WASHINGTON — Think of him as your “crazy uncle.” That is how Richard Barnett’s lawyer asked the jury to characterize the defendant in his U.S. Capitol riot trial. 

“He’s not a domestic terrorist, but he is everyone’s crazy redneck uncle from out of town,” Joseph McBride, Barnett’s lead attorney, said during the defense’s opening statement Wednesday.  

Barnett, a former firefighter from Gravette, Arkansas, has pleaded not guilty to eight charges for his role in the Jan. 6 attack on the Capitol. He began testifying in his own defense this morning. 

The defense argued that Barnett, 62, was largely removed from the violence occurring at the Capitol on Jan. 6. 

“Richard is entirely disconnected from what’s going on. All he cares about is his flag,” said McBride, referring to an interaction inside the Capitol Rotunda where police body camera footage captures Barnett yelling at Metropolitan Police Officer Terrence Craig to retrieve his flag from former-House Speaker Nancy Pelosi’s office. 

McBride continued, “The evidence will show that while uncomfortable and rude and certainly in his personal space, [Barnett] did not impede Craig in any way.” 

The defense affirmed its view that Barnett entered the Capitol “involuntarily,” after protesters in the building opened what are known as the Columbus Doors with little opposition from law enforcement. McBride said Barnett was pushed through the doors by the raucous crowd and then “paraded around for political purposes’”– all while acting as if he was “running around the hills of Arkansas,” the defense said. 

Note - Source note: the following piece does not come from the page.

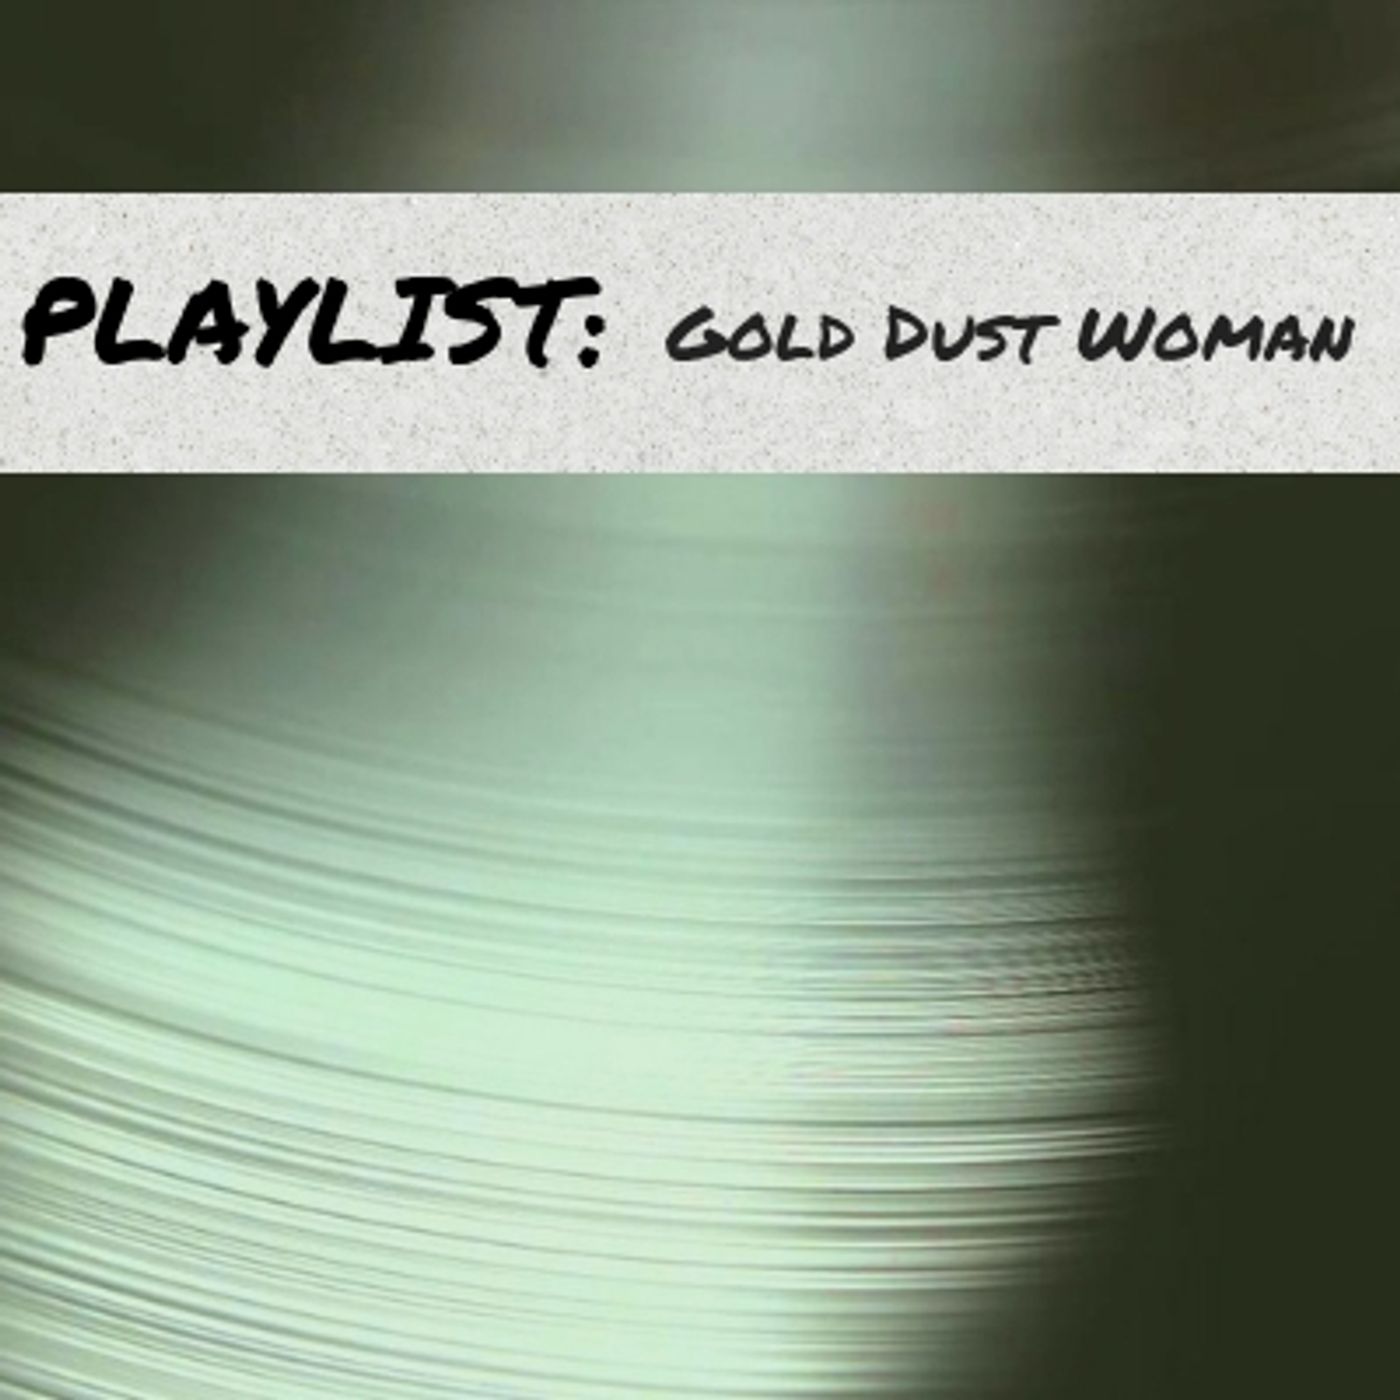 5.4 Gold Dust Woman

As for the infamous photo of Barnett with his feet on a Pelosi aide’s desk, McBride said the man who snapped the photo, Saul Loeb, asked Barnett to “act natural” for the camera. 

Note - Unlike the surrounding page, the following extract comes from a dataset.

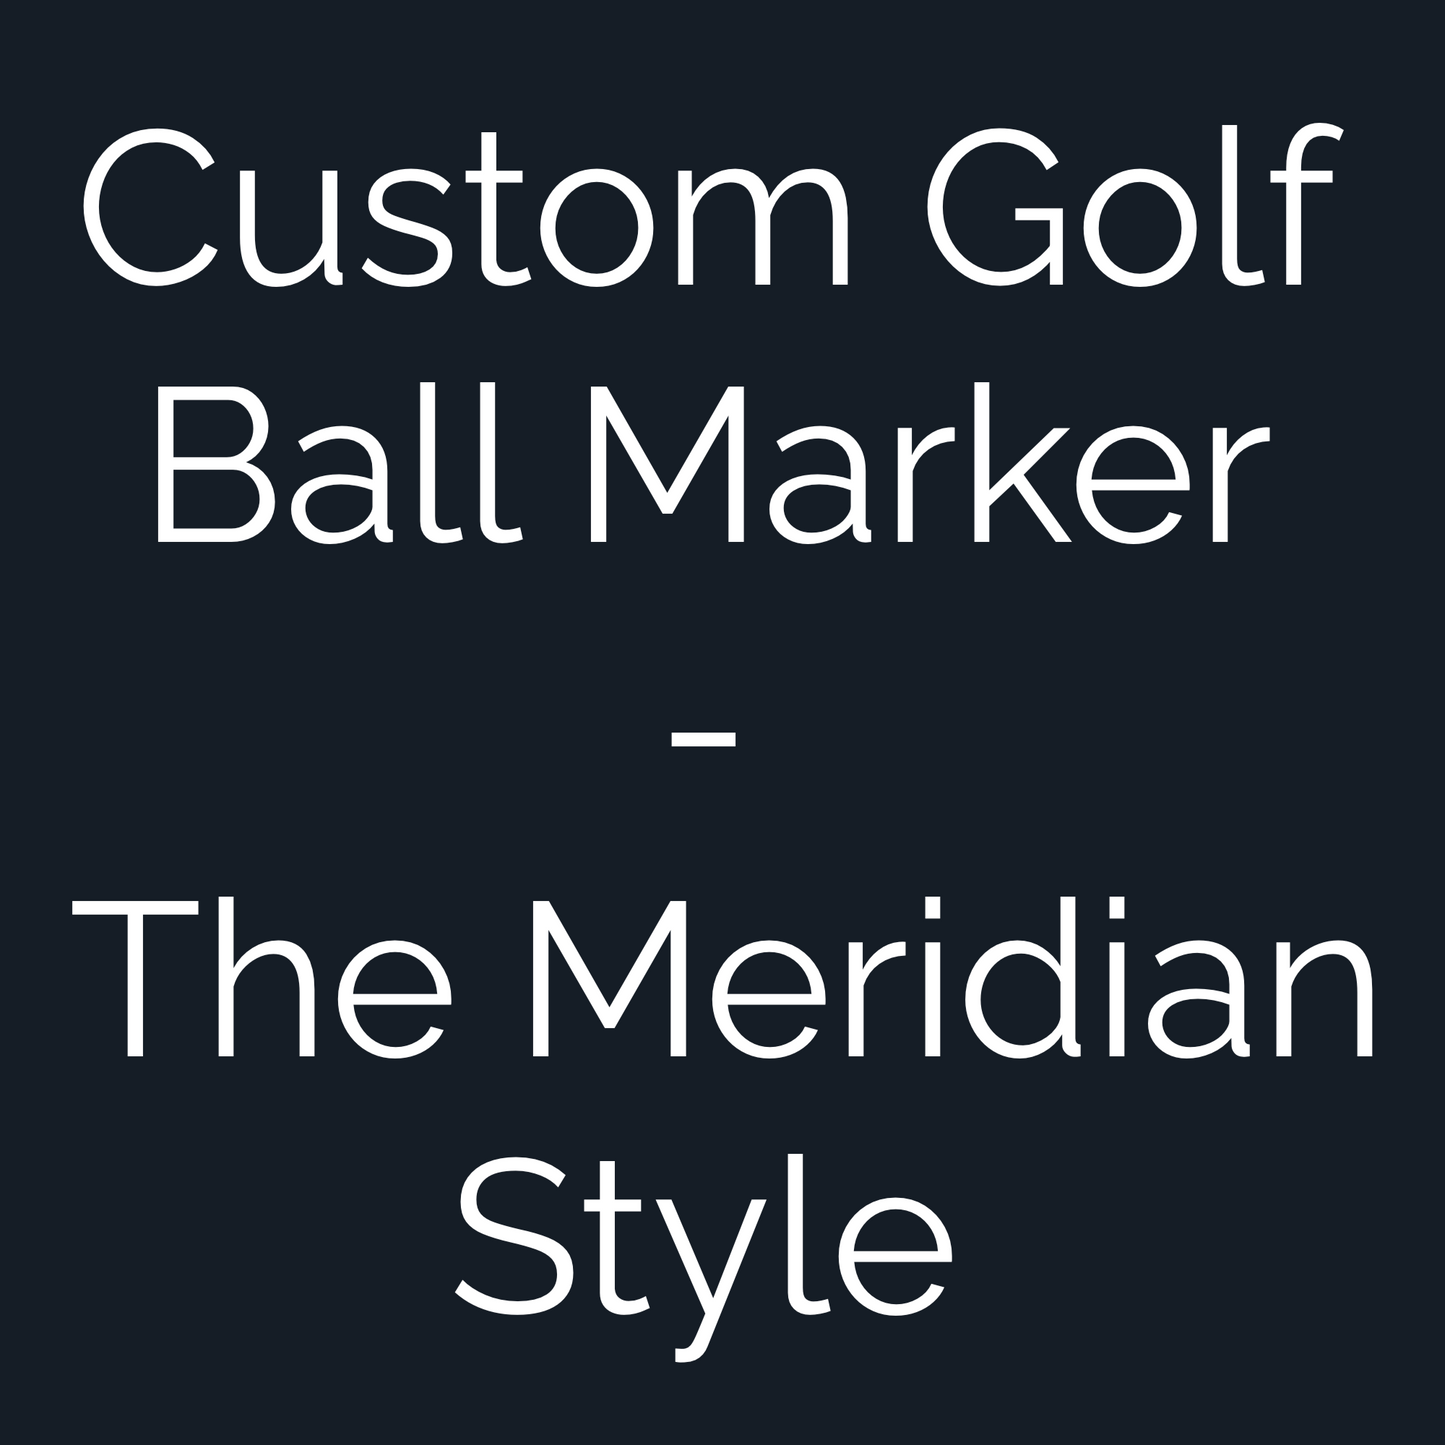 Custom Golf Ball Marker - The Meridian Style

After the prosecution focused a large portion of its case around Barnett’s possession of a ZAP Hike n’ Strike stun device on Jan. 6 – FBI Special Agent Kimberly Allen even demonstrated the electric shock feature in court on Wednesday – the defense said in its opening statement that Barnett’s stun gun was “not working” at the Capitol. 

While the defense acknowledged that Barnett was “not perfect” on Jan. 6, it said that there were plenty of “bad actors” and policing failures that contributed to stopping the certification process.

“The evidence will show that the electoral count was long disrupted before Barnett ever arrived on Capitol grounds,” McBride said, referring to the joint-session of Congress convened on Jan. 6 to certify the results of the 2020 presidential election. 

Video shows Barnett entered the Capitol at 2:43 p.m. on Jan. 6, roughly 15 minutes after the House went into recess. But throughout its case, the United States argued that Barnett’s mere presence inside the Capitol on Jan. 6 was problematic.

“He came into the Capitol and we were not able to complete the work of Congress because he came into the Capitol,” said Emily Berret, Pelosi’s former deputy chief of staff, last Wednesday. 

McBride said Barnett knew few details about the election certification process and, unlike many other rioters that day, didn’t verbally express any disdain for the key politicians involved, like former Vice President Mike Pence.

“He felt like America had been robbed and that the 2020 election was a knee on the throat of democracy,” McBride said. 

The defense’s first witness Mark Snell, of New Mexico, testified on Wednesday afternoon. His wife Tammy Newburn and her cousin Eileen Halpin also testified Thursday morning. They spoke about Barnett’s reputation in the community.

“He’s a good man. Everyone needs a Richard in their life,” Halpin said.